CAS In The News


Getting the Drift
Growth, Value Benchmarks: Is the Tail Wagging the Dog?

Edited by Robin Goldwyn Blumenthal
Barron's, March 1, 2004
 



Remember how value managers grumbled during the dot.com boom that they were being unfairly punished for sticking to a value discipline and underperforming against growth-infested benchmarks?

Turns out that wasn't just sour grapes. A study last week in the Journal of Investment Consulting concludes there is an underlying "flaw" in the structure of some indexes that forces all stocks within their universe into either growth or value subsets, regardless of whether they fit those profiles.

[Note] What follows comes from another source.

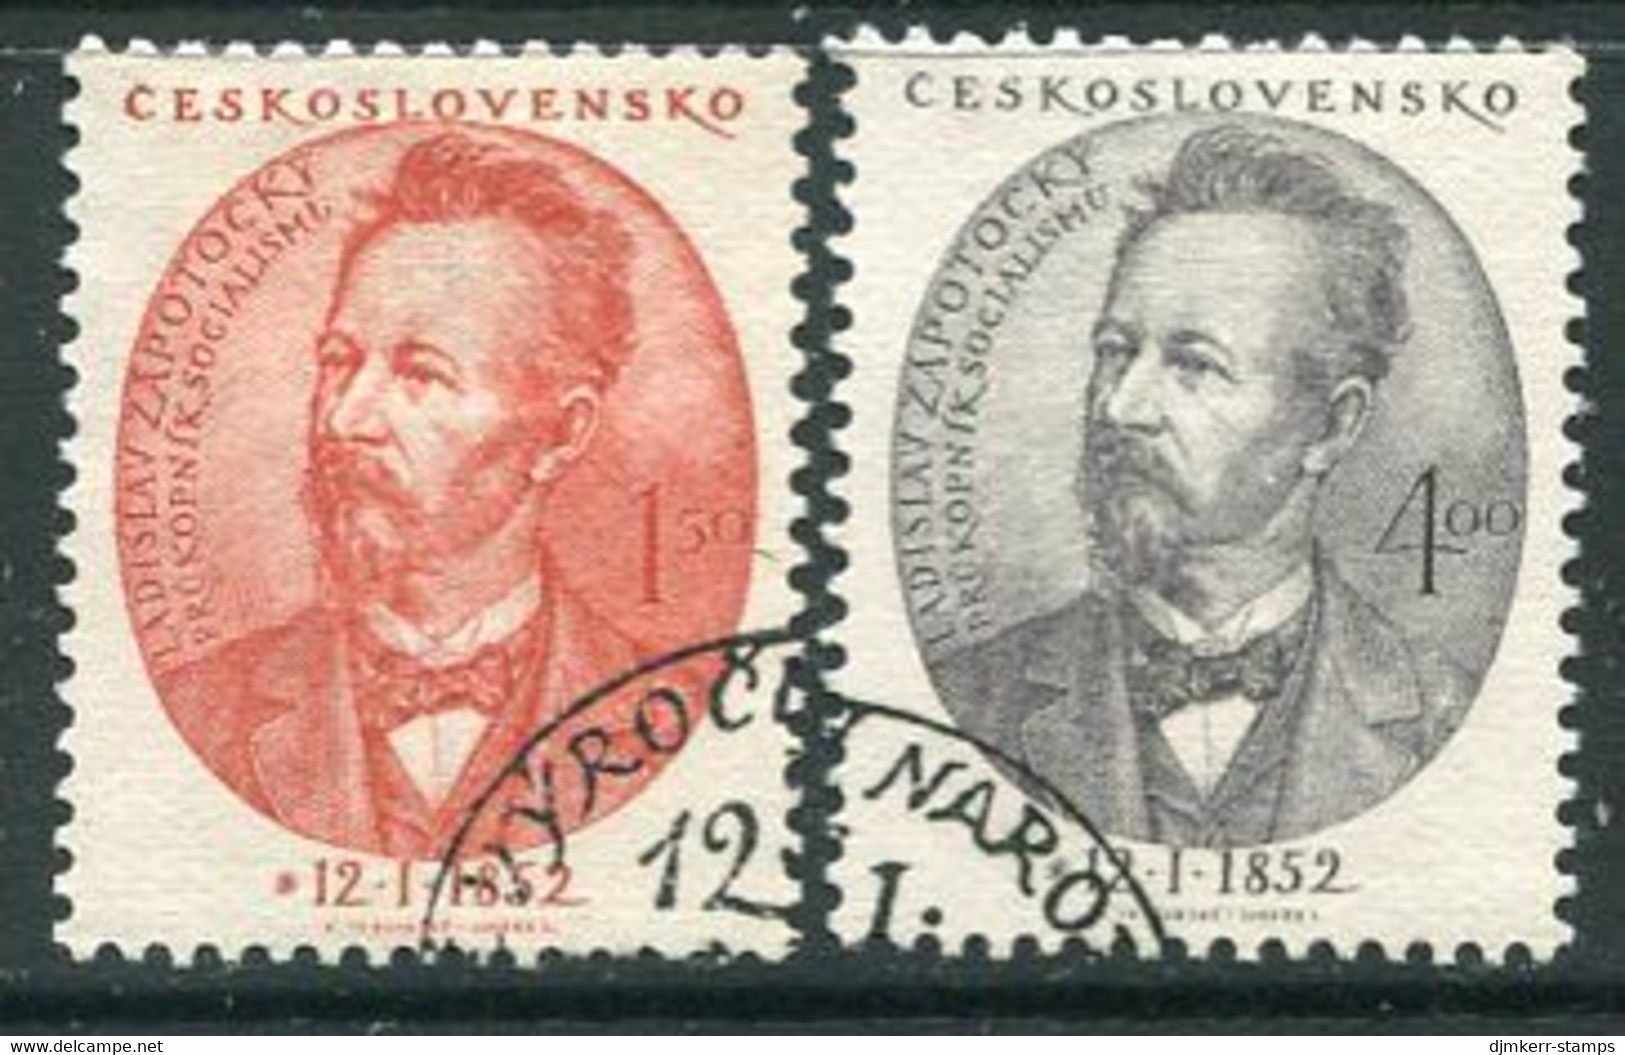 CZECHOSLOVAKIA 1952 Zapotocky Centenary Used.  Michel 701-02 - Used Stamps
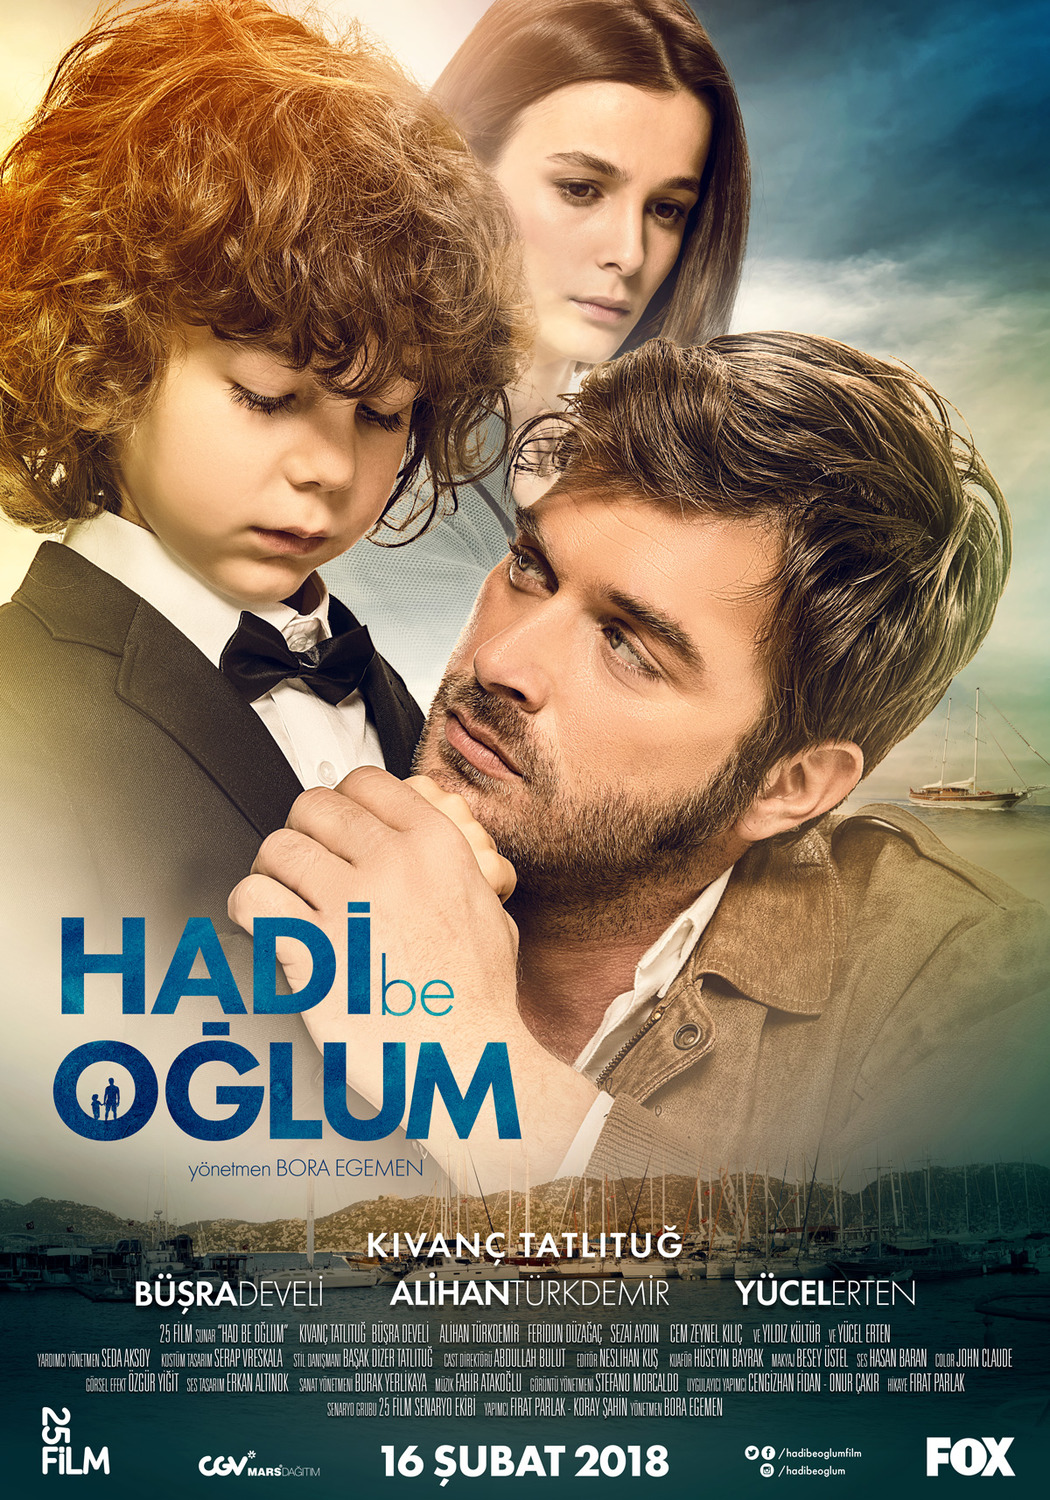 Extra Large Movie Poster Image for Hadi Be Oglum

And this can "contaminate" the performance of either subset.

Authors Dorla Evans, a finance professor at the University of Alabama in Huntsville, and Kenneth Scislaw, head of consultant Scislaw Capital, say dividing the indexes by equal market capitalization muddies the waters for "pure" managers who are measured against the benchmarks.

Though managers had complained of the problem, "there's a difference between intuitively knowing and seeing it in black and white," Evans says. Relative-value benchmarks emerged, but Scislaw says they include growth-type stocks and aren't "a reflection of a legitimate, well recognized methodology, but seem to have created a methodology."

The authors looked at several indexes, including the Standard & Poor's Barra index and the Wilshire Large Cap and Target Series indexes, and concluded that the Target, because it classifies stocks based on an independent definition of growth and value, better differentiates the two.

Barra had no comment. David Blitzer, chairman of S&P's index committee, notes his company has the S&P Citigroup U.S. Broad Market Index,  which divides growth and value by a series of measures, for active managers. For passive managers, and others, he says the S&P Barra works very well indeed. Steven Foresti, a managing director of Wilshire, says characterising indexes as have "a mathematical flaw almost suggests there were errors made in the algorithms or algebra, rather than it being a consequence of having these neutral stocks" around the middle of the continuum. "That is the exact reason we have two series."